Question

When the imidazole ring of Histidine is protonated, the tendency of nitrogen to be protonated (proton migrates from-COOH) is in the order?

A. $\beta > \gamma > \alpha $
B. $\gamma > \beta > \alpha $
C. $\gamma > \alpha > \beta $
D. $\beta > \alpha > \gamma $

Answer 1

Hint: We know that protonation is the process of transfer of transfer of proton $\left( {{{\rm{H}}^{\rm{ + }}}} \right)$ from one atom to another. Here, we have to check the order in which three nitrogen atoms are protonated.

Complete step by step answer:
Here, $\gamma $ nitrogen is nearby to the COOH. And we know that protonation takes place first in the nearby atom from which hydrogen atoms get protonated. So, protonation occurs first in $\gamma $ nitrogen.

In $\beta $ nitrogen, the protonation results in counter resonance as from both sides double bonds try to break due to which resonance is nullified.

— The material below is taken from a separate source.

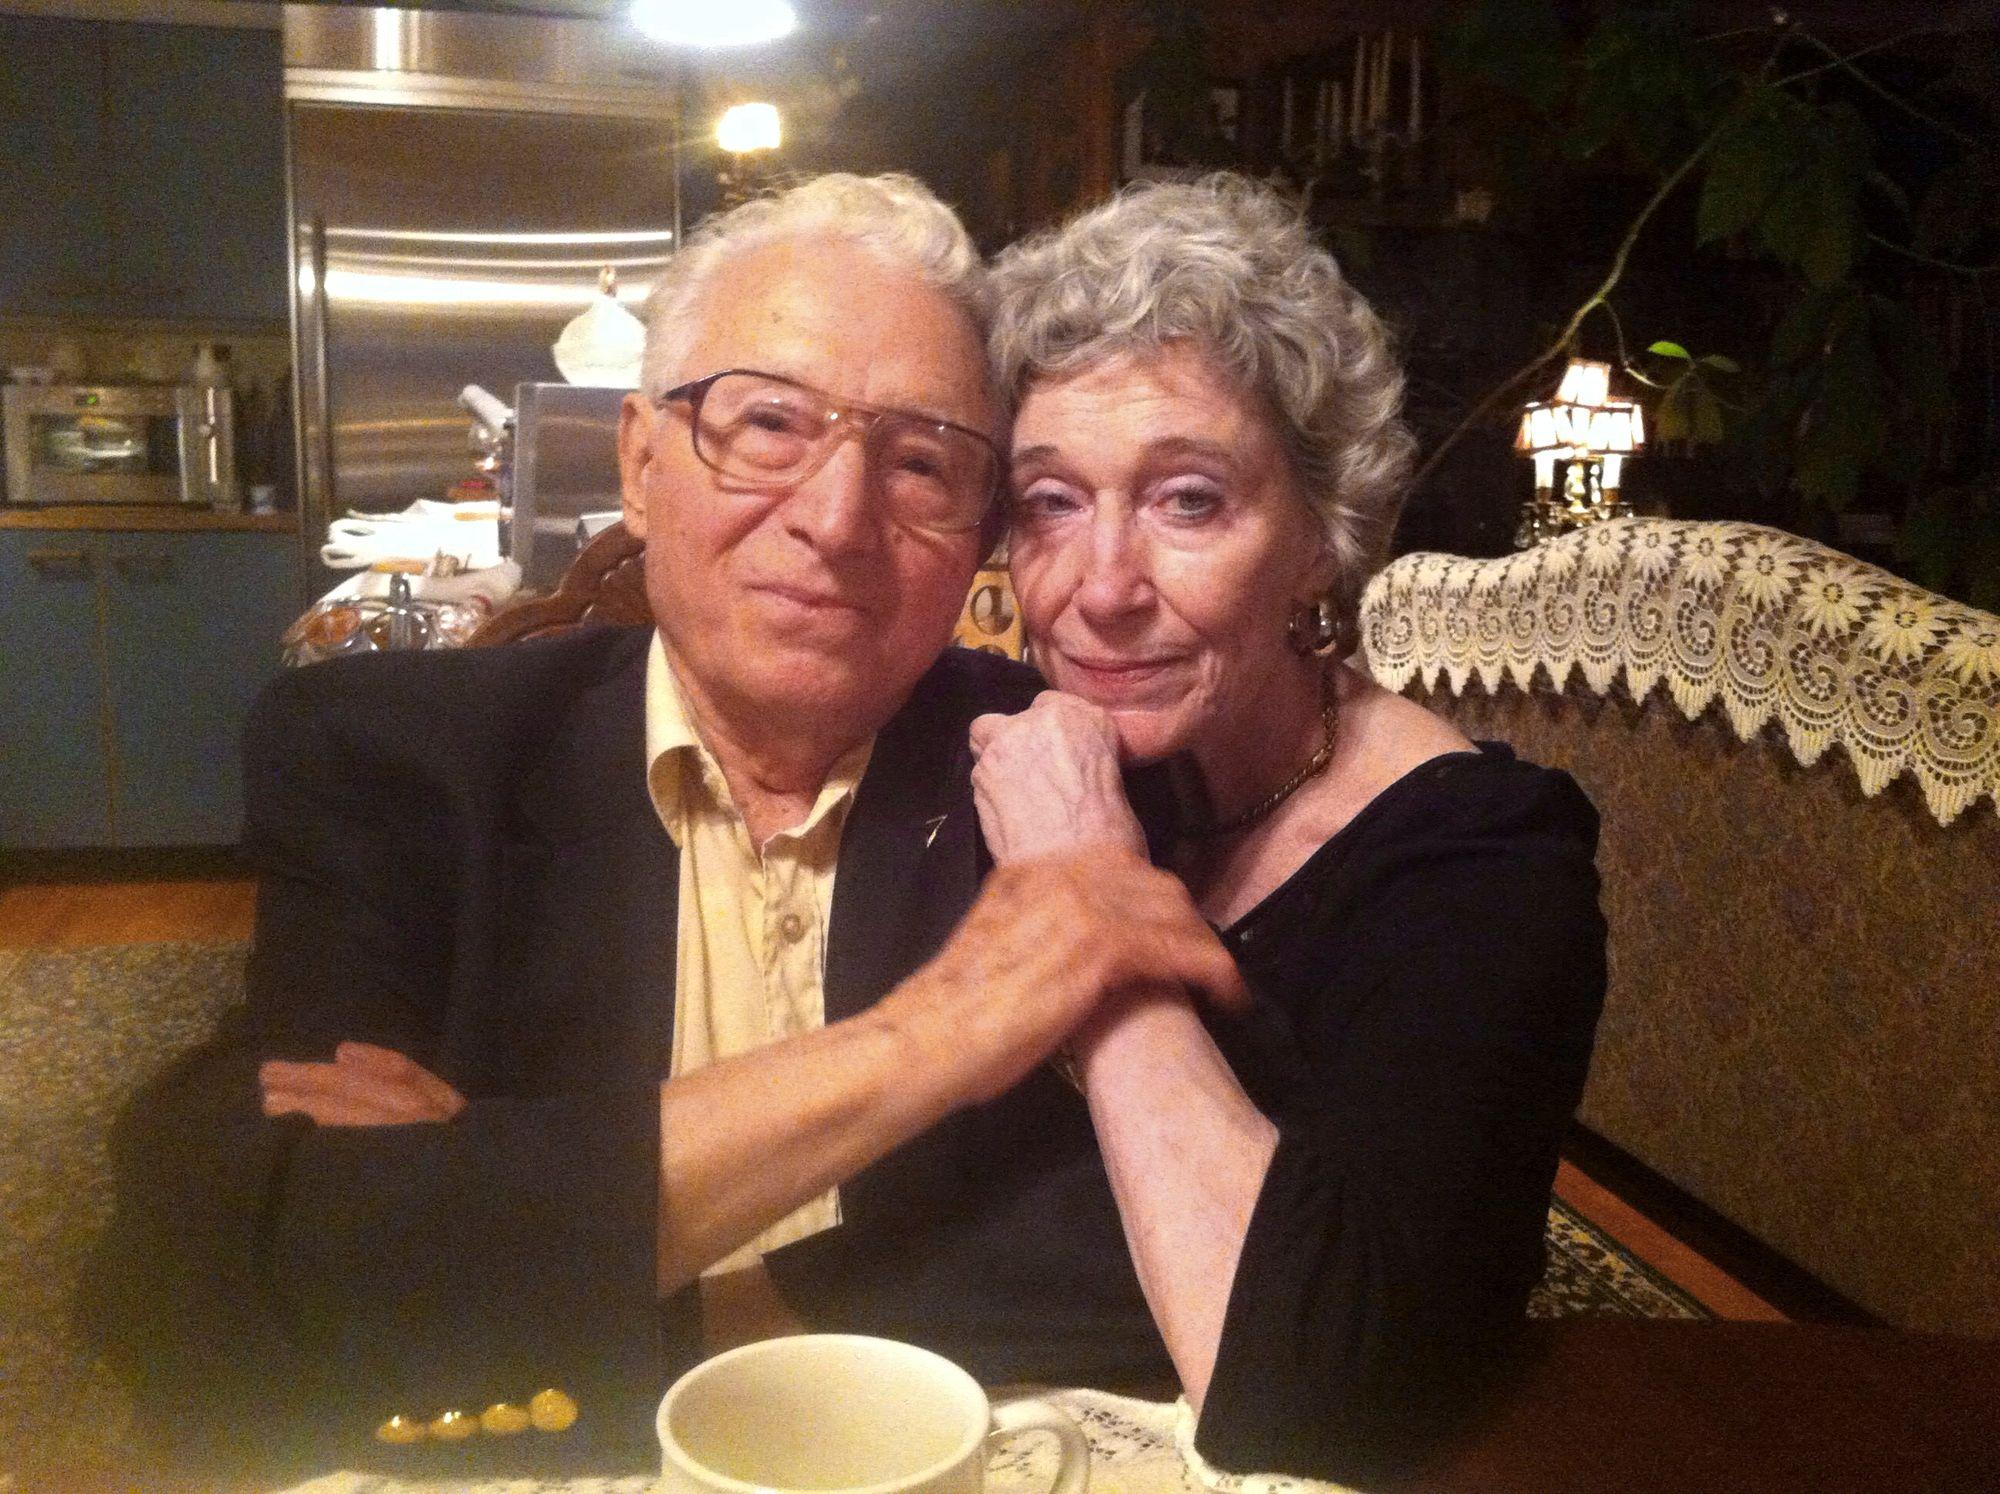 Anja ja Tony säilyivät läheisinä Anjan kuolemaan saakka. Kuvassa pariskunta helmikuussa 2013, vain muutama kuukausi ennen Anjan menehtymistä keuhkosyöpään. © Tony Vaccaro
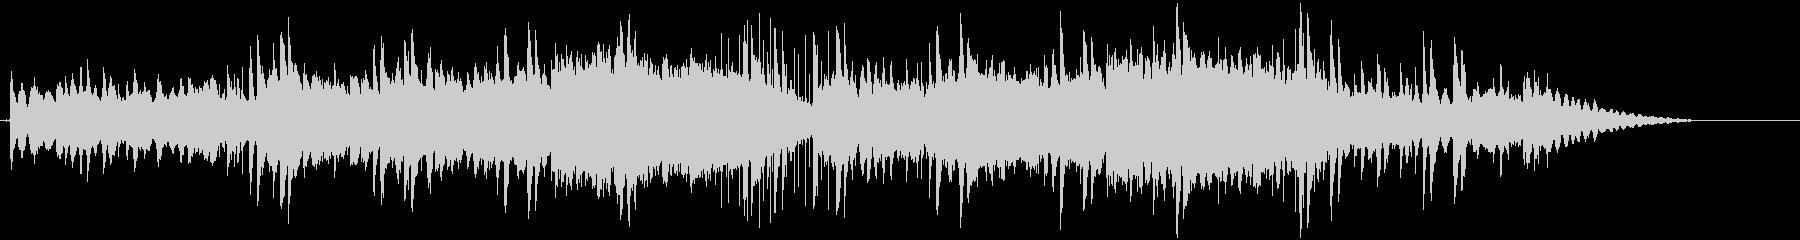 空間的な余韻が特徴のアンビエントの未再生の波形

In $\alpha $ nitrogen, the lone pair of N is in resonance.

We know that the resonance makes a compound stable.Therefore, protonation occurs before $\alpha $ nitrogen than $\beta $ nitrogen.

So, the order of protonation is $\gamma > \alpha > \beta $.

So, the correct answer is Option C.

Additional Information:
Protonation is a known fundamental chemical reaction. It is a step of many catalytic and stoichiometric processes. If a molecule or ion can undergo more than one protonation it is termed as polybasic acid. Deprotonation is the reverse of protonation reaction. In deprotonation reaction, a proton is removed from a compound. This reaction occurs in most acid-base reactions. Substances that can protonate another substance are termed as Bronsted Lowry acid.

Note: Always remember that resonance stabilizes a compound. Resonance is the phenomenon as a result of which a molecule can be expressed in different forms, none of which can explain all the properties of the molecule. The actual structure of the molecule is termed a resonance hybrid.